# Primer before/after tinted moisturizer??



## Monica_r (Sep 7, 2007)

usually you put the primer on efter moisturizer and before foundation. but now when im using the tinted moisturizer instead of moisturizer and foundation, how is the correct way to apply then?






when using the primer after tinted moisturizer, the tinted moisturizer seems to come off. havent tried to put it before it though. (after serum, before tinted moisturizer)

whats your experience?

thanks!


----------



## StereoXGirl (Sep 7, 2007)

Definitely put primer on before the TM.


----------



## angellove (Sep 7, 2007)

Originally Posted by *StereoXGirl* /img/forum/go_quote.gif Definitely put primer on before the TM.



agree!


----------



## Aquilah (Sep 7, 2007)

100% most definitely BEFORE the TM!


----------



## emily_3383 (Sep 7, 2007)

I put mositurizer before my TM anyways because im using the one by WnW and its really drying.


----------



## chocobon (Sep 7, 2007)

Primer b4 tinted moisturiser!


----------



## bluebird08 (Sep 7, 2007)

It goes on before the TM...


----------



## Shelley (Sep 7, 2007)

I agree with the others. Primer before TM.


----------



## Thais (Sep 7, 2007)

The primer should go before anything else... The only thing you canput on before primer is moisturizer.


----------



## aplmk8 (Sep 7, 2007)

primer before TM, because i think TM is very sheer, that when u put something on top of it, it'll disappear


----------



## Monica_r (Sep 10, 2007)

thanks girls! that was what i thought...! i was just worried about primer being too drying without moisturizer first. but ill give it a try today then


----------



## Make-up_Hawk (Oct 28, 2007)

I read this post when you first posted it and now I'm going through the same thing.
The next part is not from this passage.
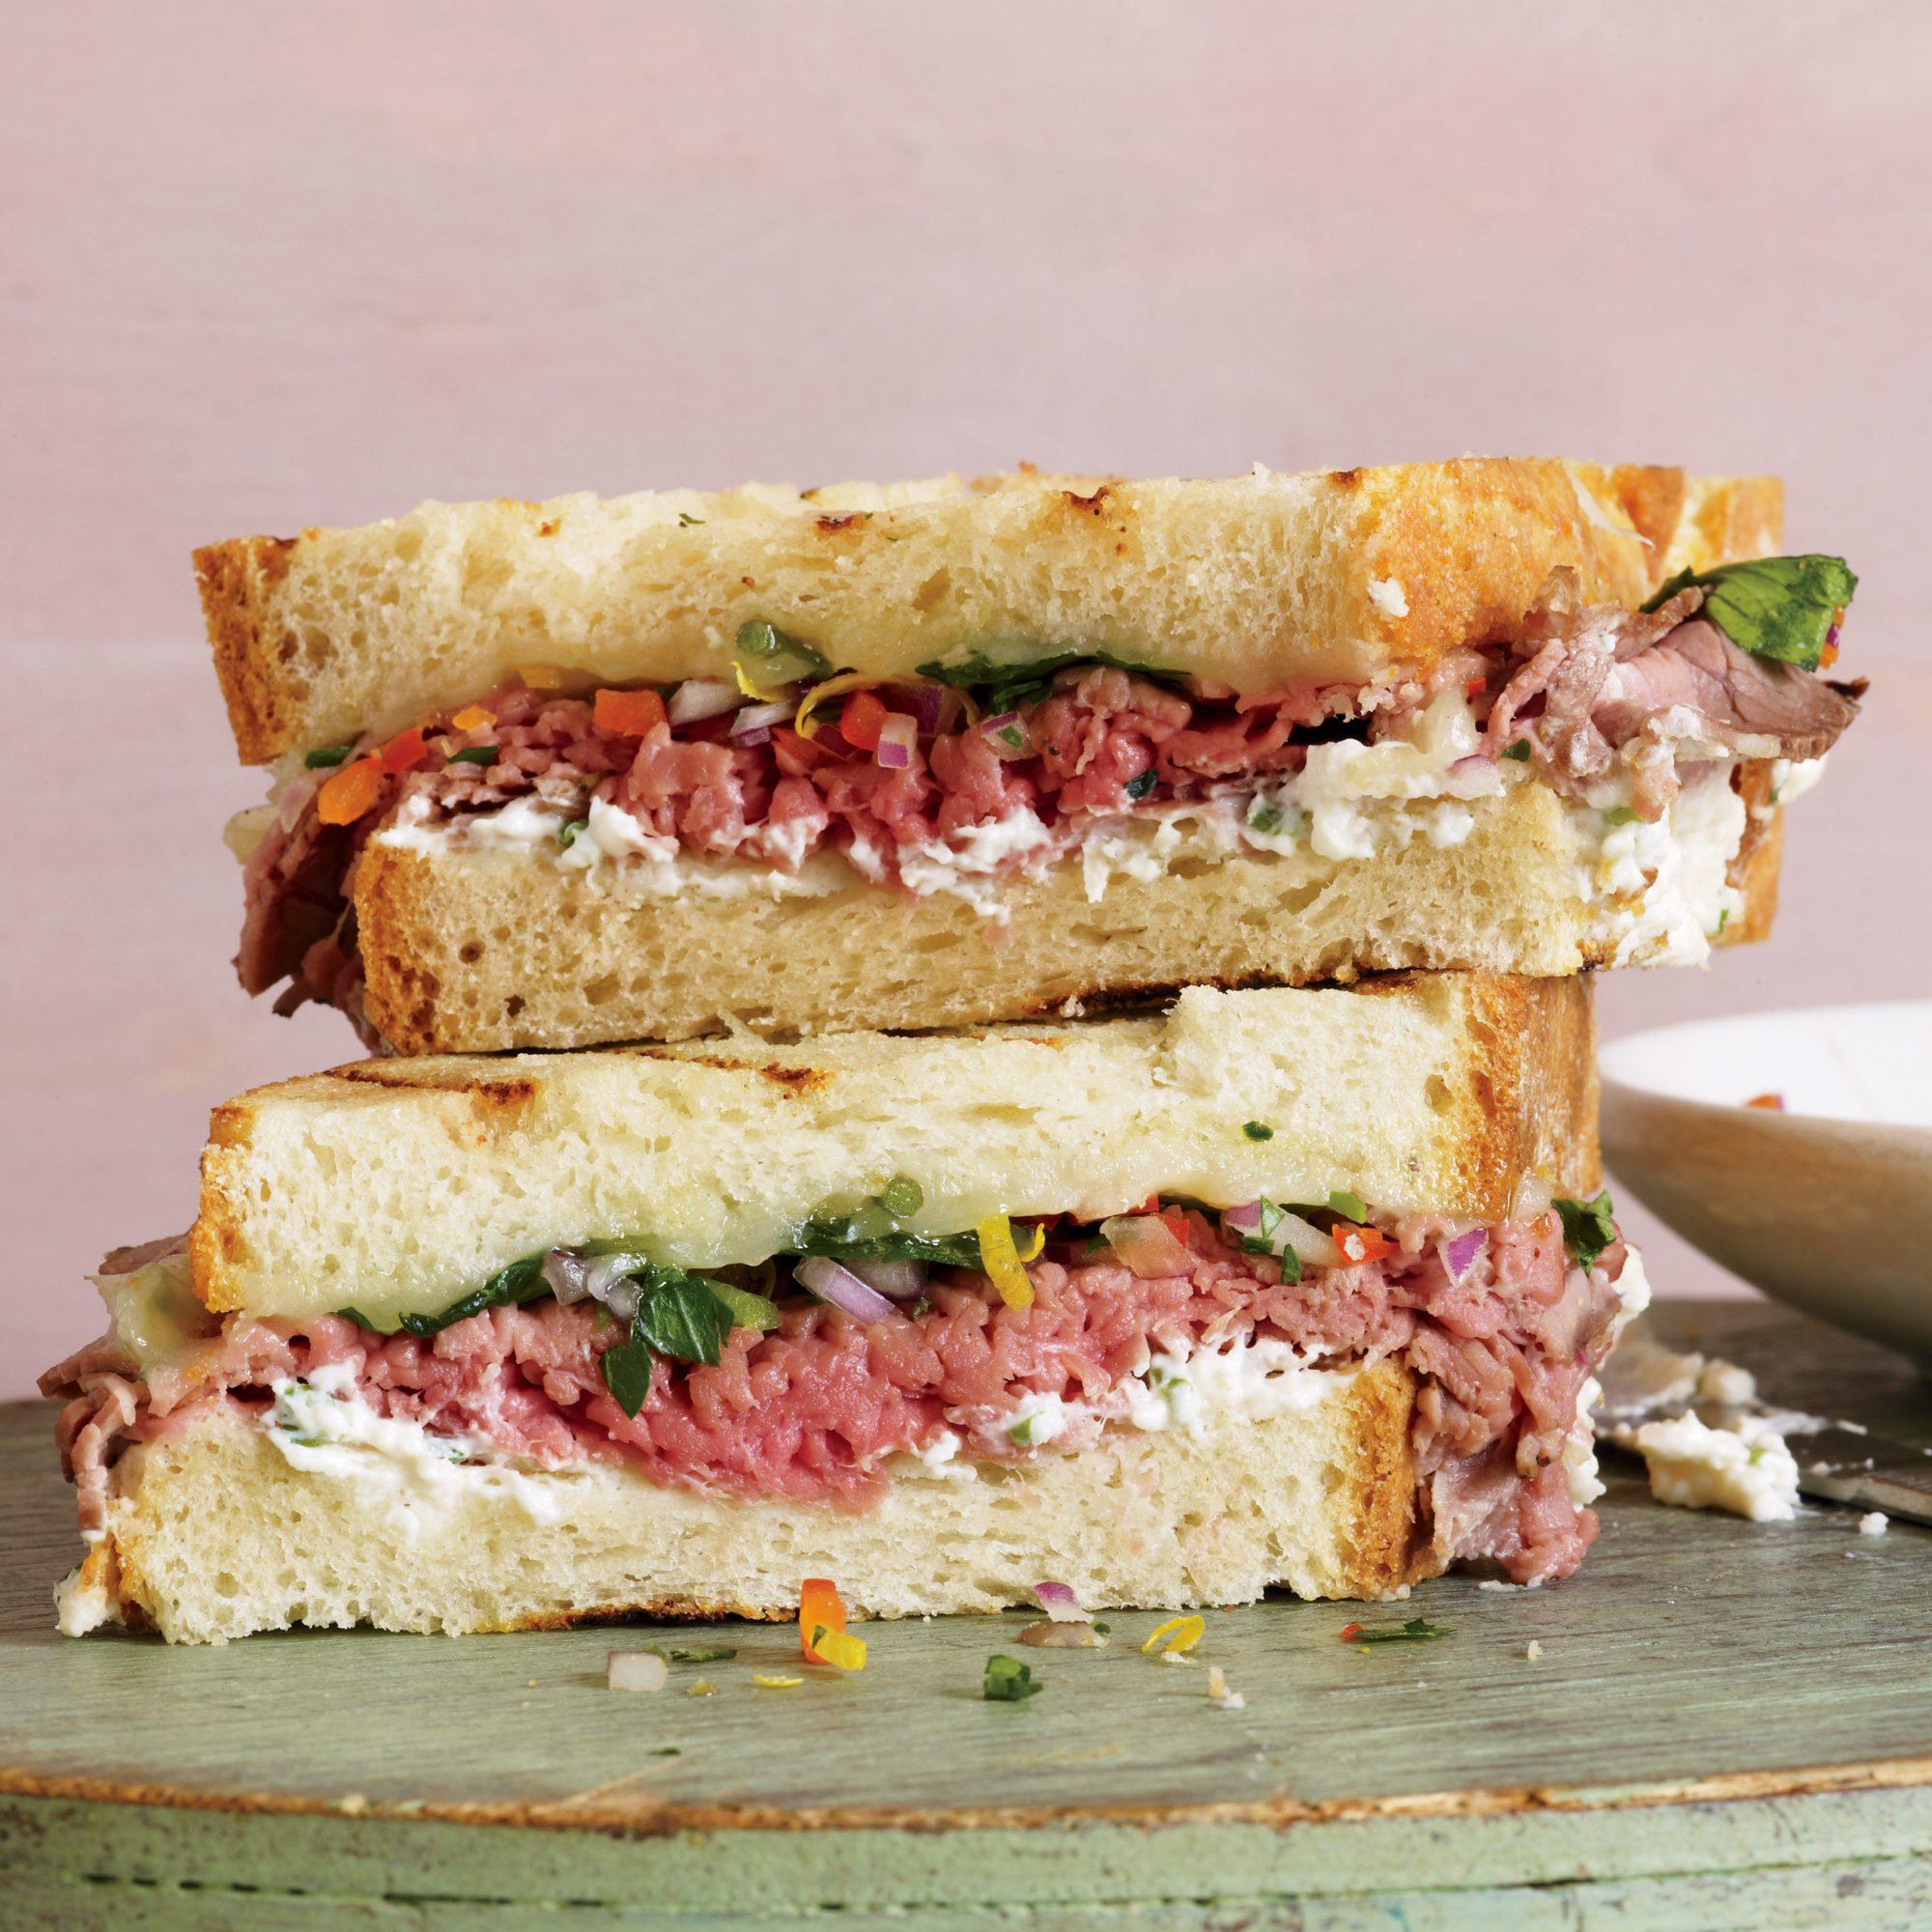 The Absolute Best Roast Beef Sandwich

I've just started using tinted moisturizer and I also use primer. For the past few weeks, I have been putting on primer before the tinted moisturizer (as per mentioned in this post), but my face looked really greasy. Today, I decided to reverse the action: put on tinted moisturizer, then primer. When I put on the moisturizer, my face was not greasy looking afterwards. I waited five minutes and then applied the primer. It looks good so far, but I'm waiting until the end of the day to see what it "wears" like.

Now I have myself another situation: concealer before or after primer.



I put it on before, just to see the results.


----------



## Brittvas (Oct 15, 2012)

have you tried using a translucent powder to rid of the grease?


----------



## Brittvas (Oct 15, 2012)

I would do a regular moisturizer than primer than tinted moisturizer, just to be safe and because you can never moisturize too much. Then use a translucent powder to set it.


----------